We’ve had this conversation before, art-lings: As I commented almost 12 years ago, when music producer (and friend of Barack Obama) Quincy Jones made a similar proposal:
The notion of a cabinet-level Secretary of Culture, promoted by Quincy Jones, music producer and friend of Barack, runs contrary to the pluralistic, appropriately disorderly nature of creative life in this country.
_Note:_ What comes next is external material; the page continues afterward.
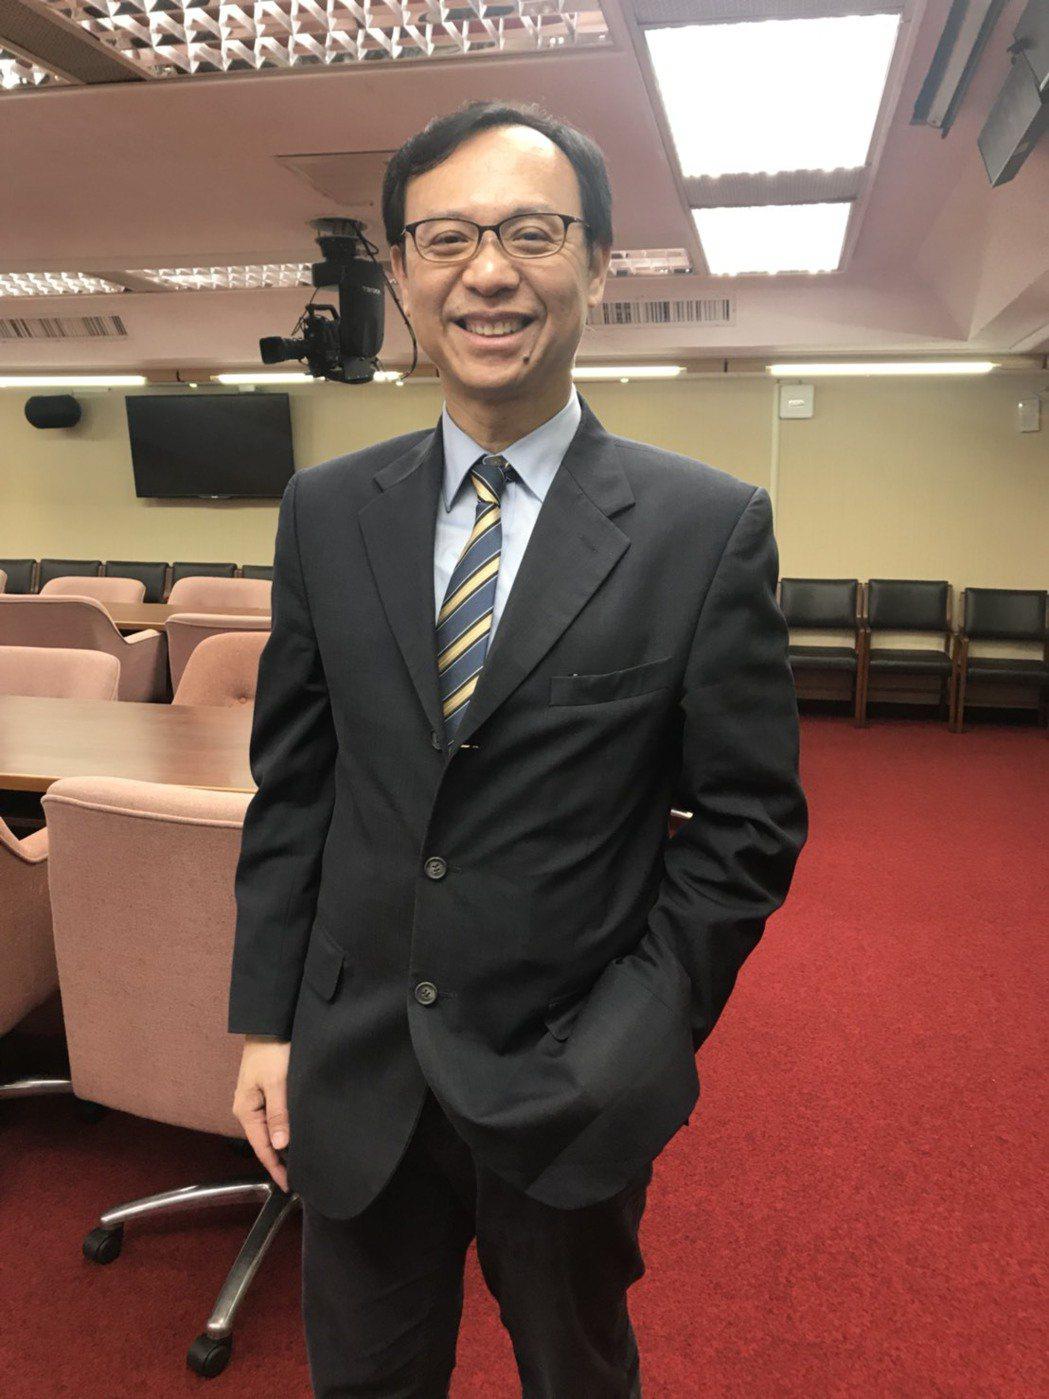 醫事司長石崇良表示,經部內研議後,11月中之前將公告「困難取得兒童用藥調度平台」...

As we saw during the culture wars of the 1990s, which imposed decency standards on federal arts grants, anything that potentially makes the arts into more of a political football is fraught with peril….
More government oversight will inevitably lead to more government interference and control.
That said, I was (and still am) open to the idea of designating a White House official “with advisory, not managerial, responsibilities,” to facilitate “better coordination among government programs involving the arts and humanities.”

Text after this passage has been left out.